According to local histories, the village of Newcastle was historically known as New Castle.

== Geography ==
Newcastle is situated on Newcastle Bay, which opens into the Narrows, the strait which separates Nevis from Saint Kitts.

== Economy ==
The primary industries in Newcastle are tourism and fishing. It serves as a secondary service centre for education and health services to Charlestown.

== History ==
Nevis was colonised by the English. A 6.7 m2 fortification known as the Newcastle Redoubt was constructed in Newcastle circa 1650.

By the early 18th century, Newcastle was officially classified as a town alongside Charlestown and Jamestown. By this time, Newcastle had a rudimentary port, and its proximity to the southern tip of the island of Saint Kitts meant that potters making use of the excellent clay in the Newcastle area could easily travel from the Newcastle port to Basseterre to sell their wares.
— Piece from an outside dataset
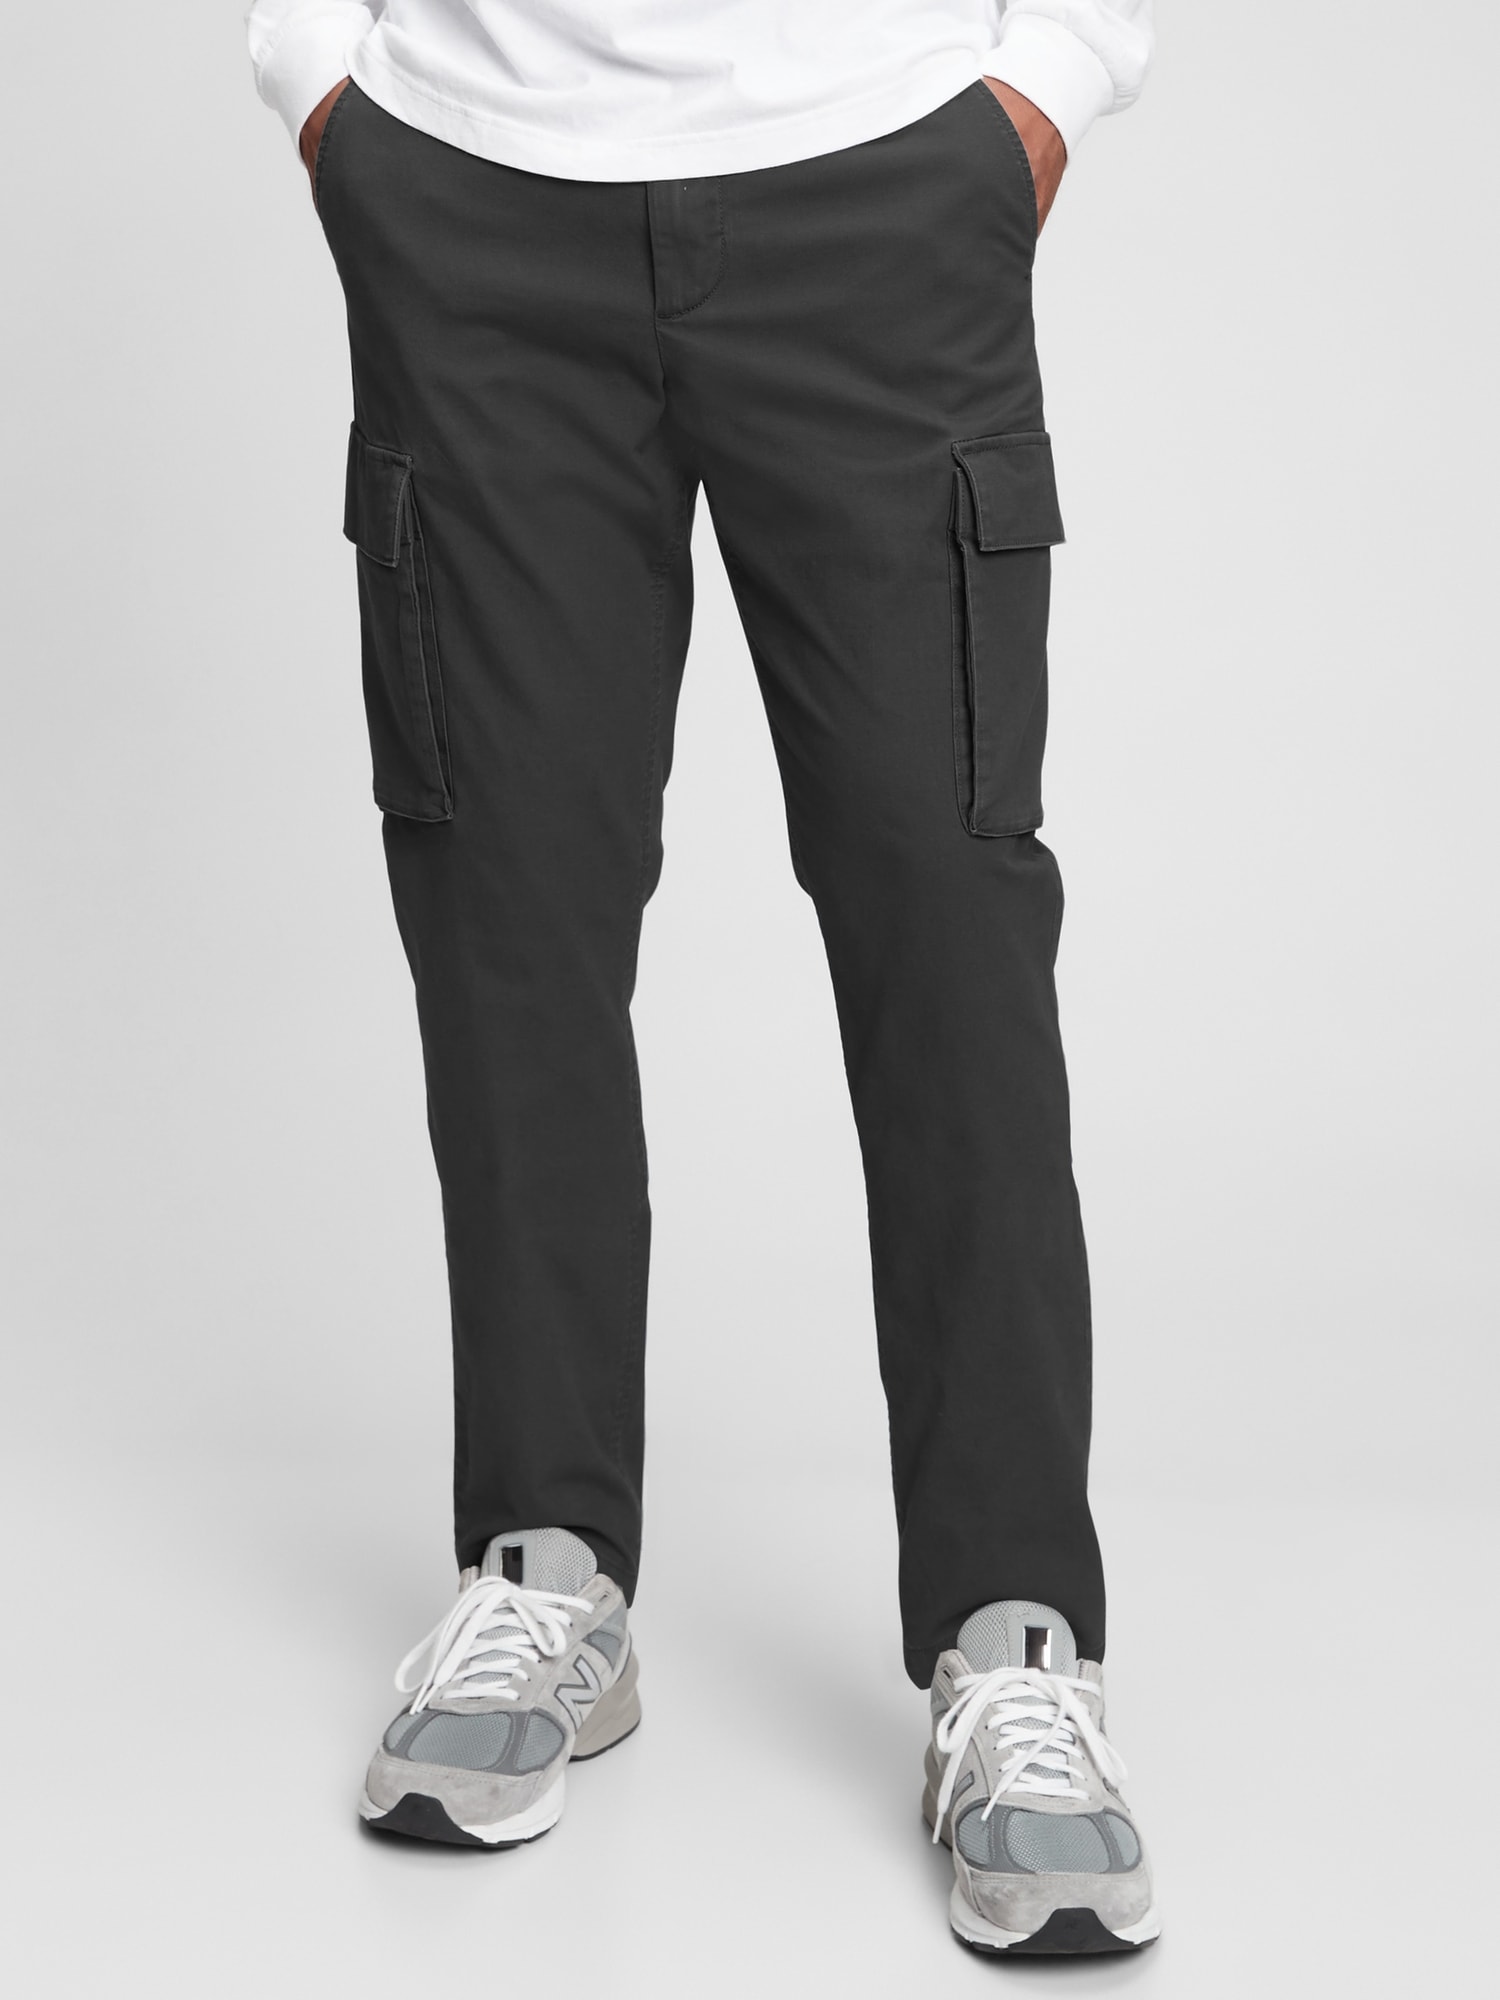 Gap Mens 38x32 Regular Fit Baggy Cargo Pants Beige | eBay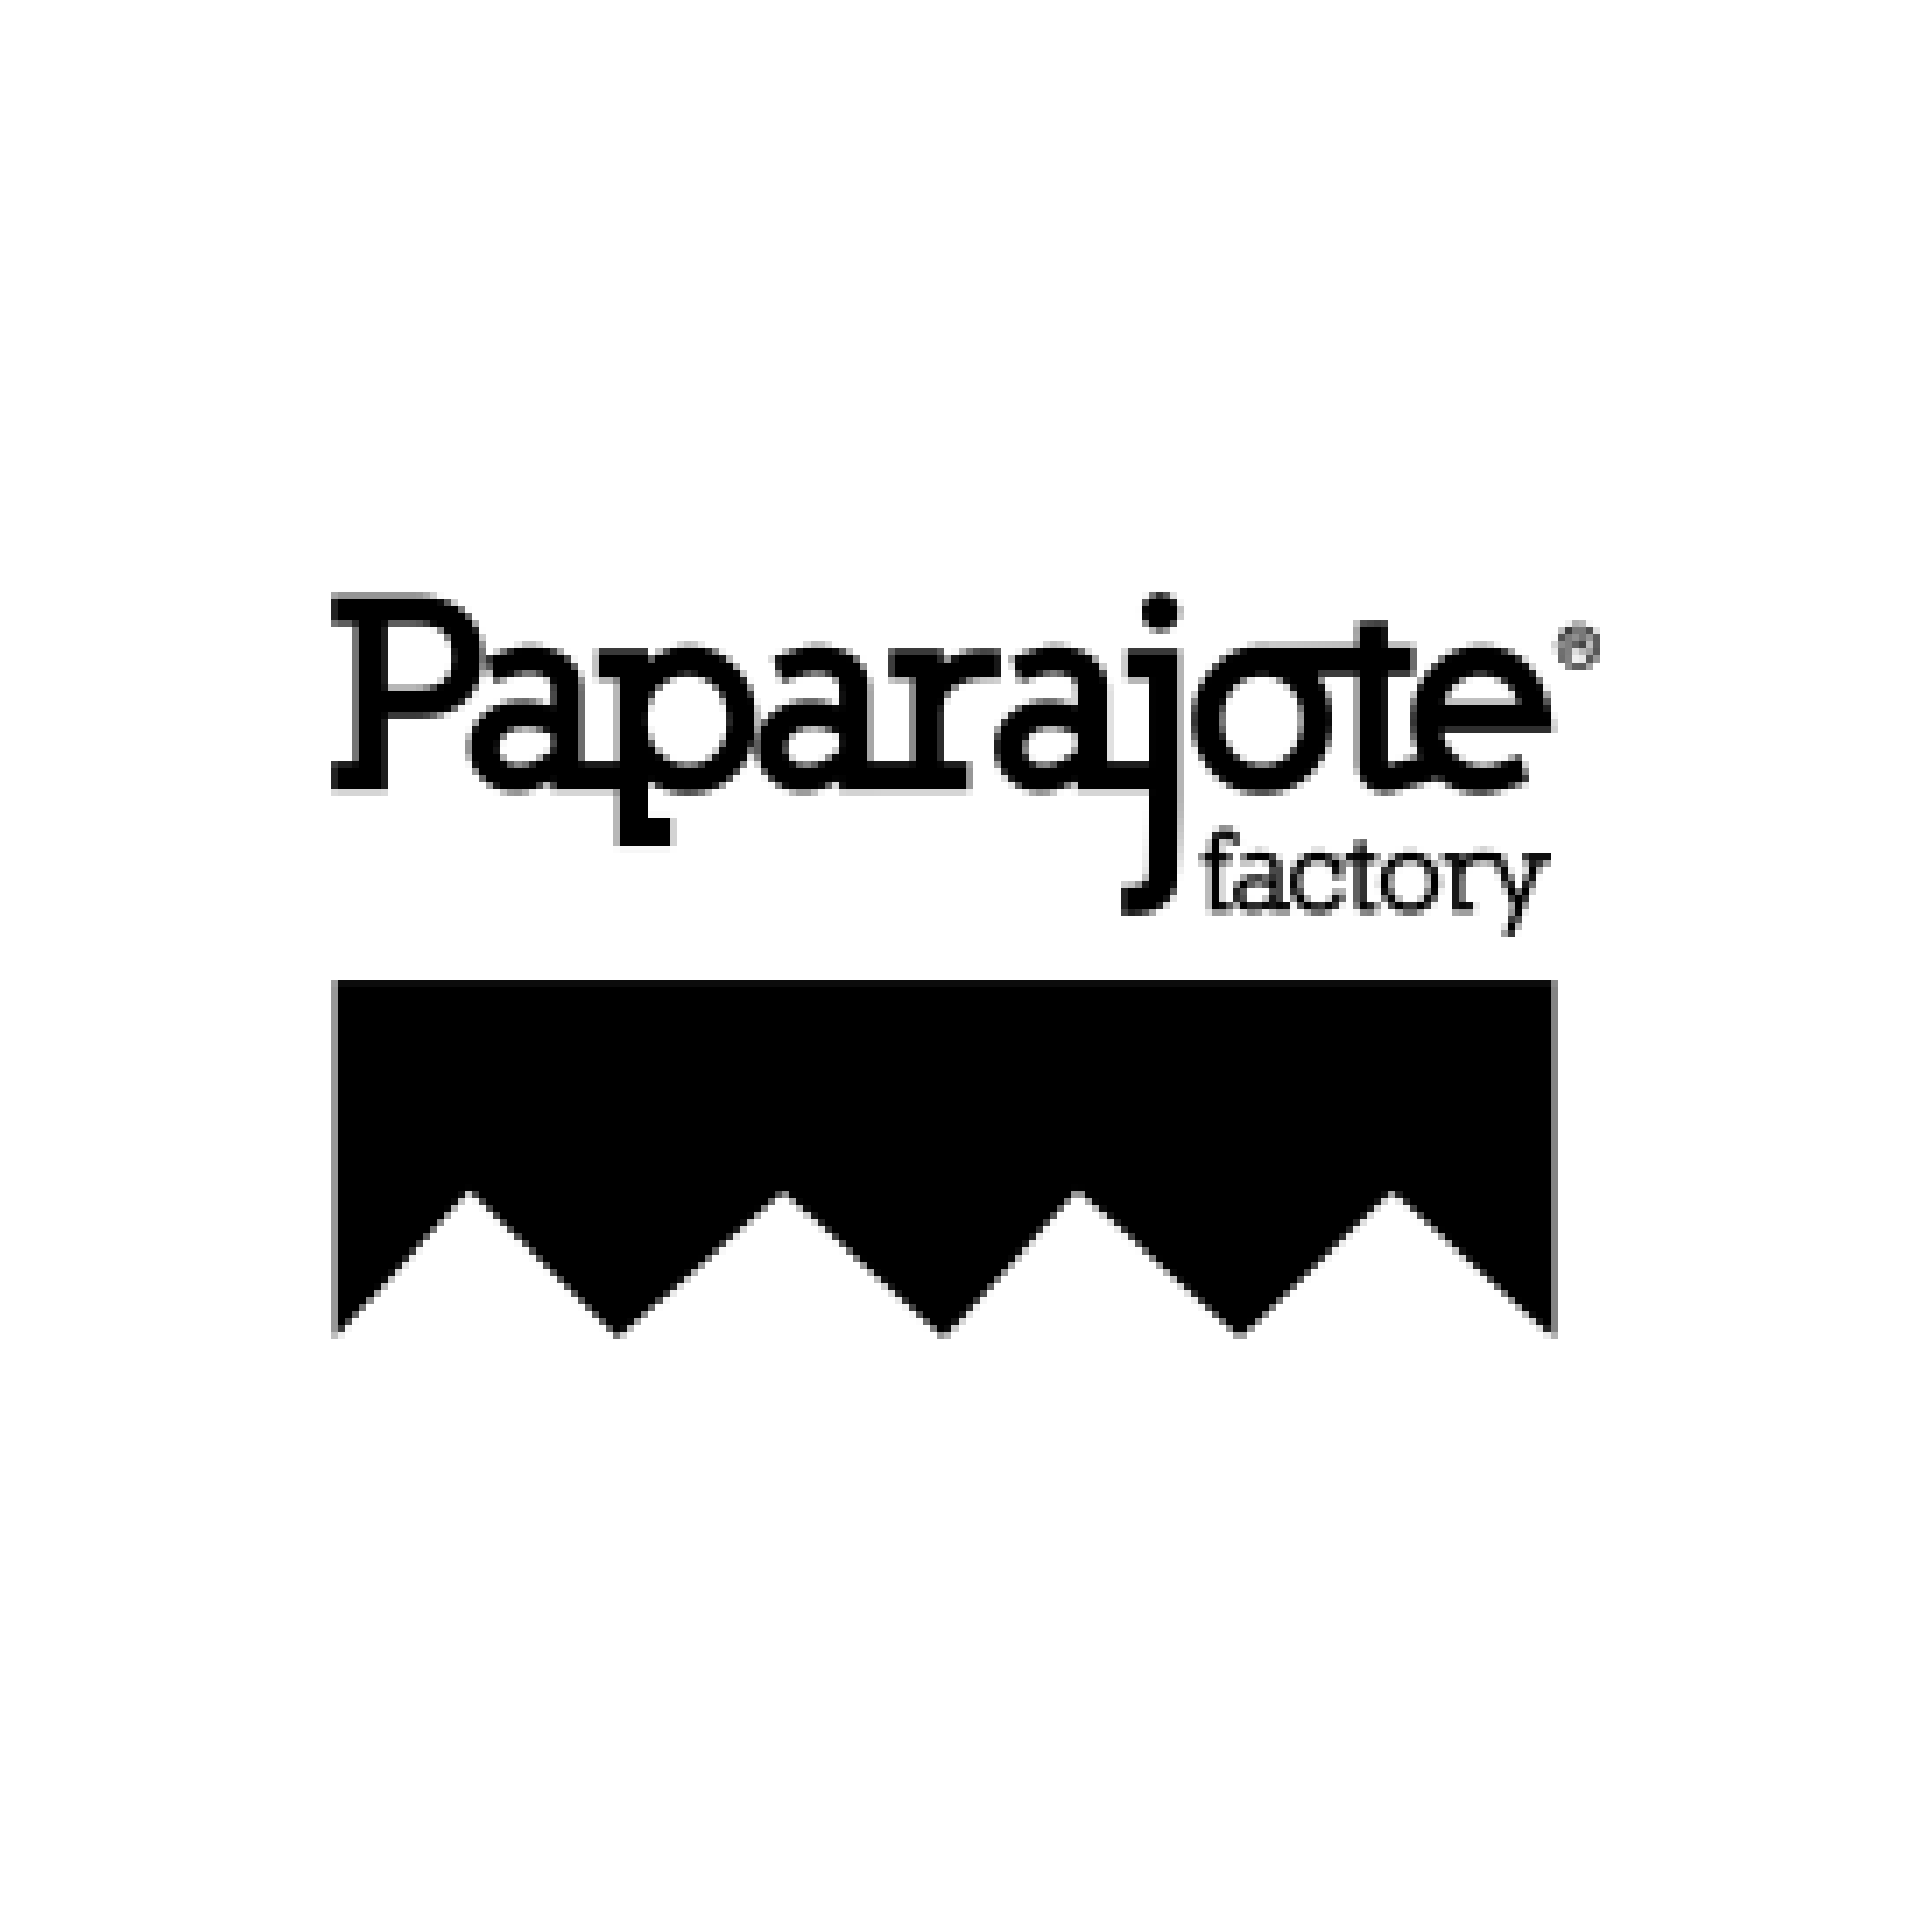 Paparajote factory logo

The original village was located along the oceanfront on the land now designated for the Vance W. Amory International Airport; its buildings and shops were relocated in the mid-1950s to make way for the construction and runway expansions of the airport. The Newcastle Redoubt was demolished to make way for a runway expansion in 1996.

In 1981, New Castle Pottery, a permanent traditional pottery workshop, was established in Newcastle with development funds from the United States Agency for International Development and the Canadian International Development Agency. It subsequently became an important site for tourism.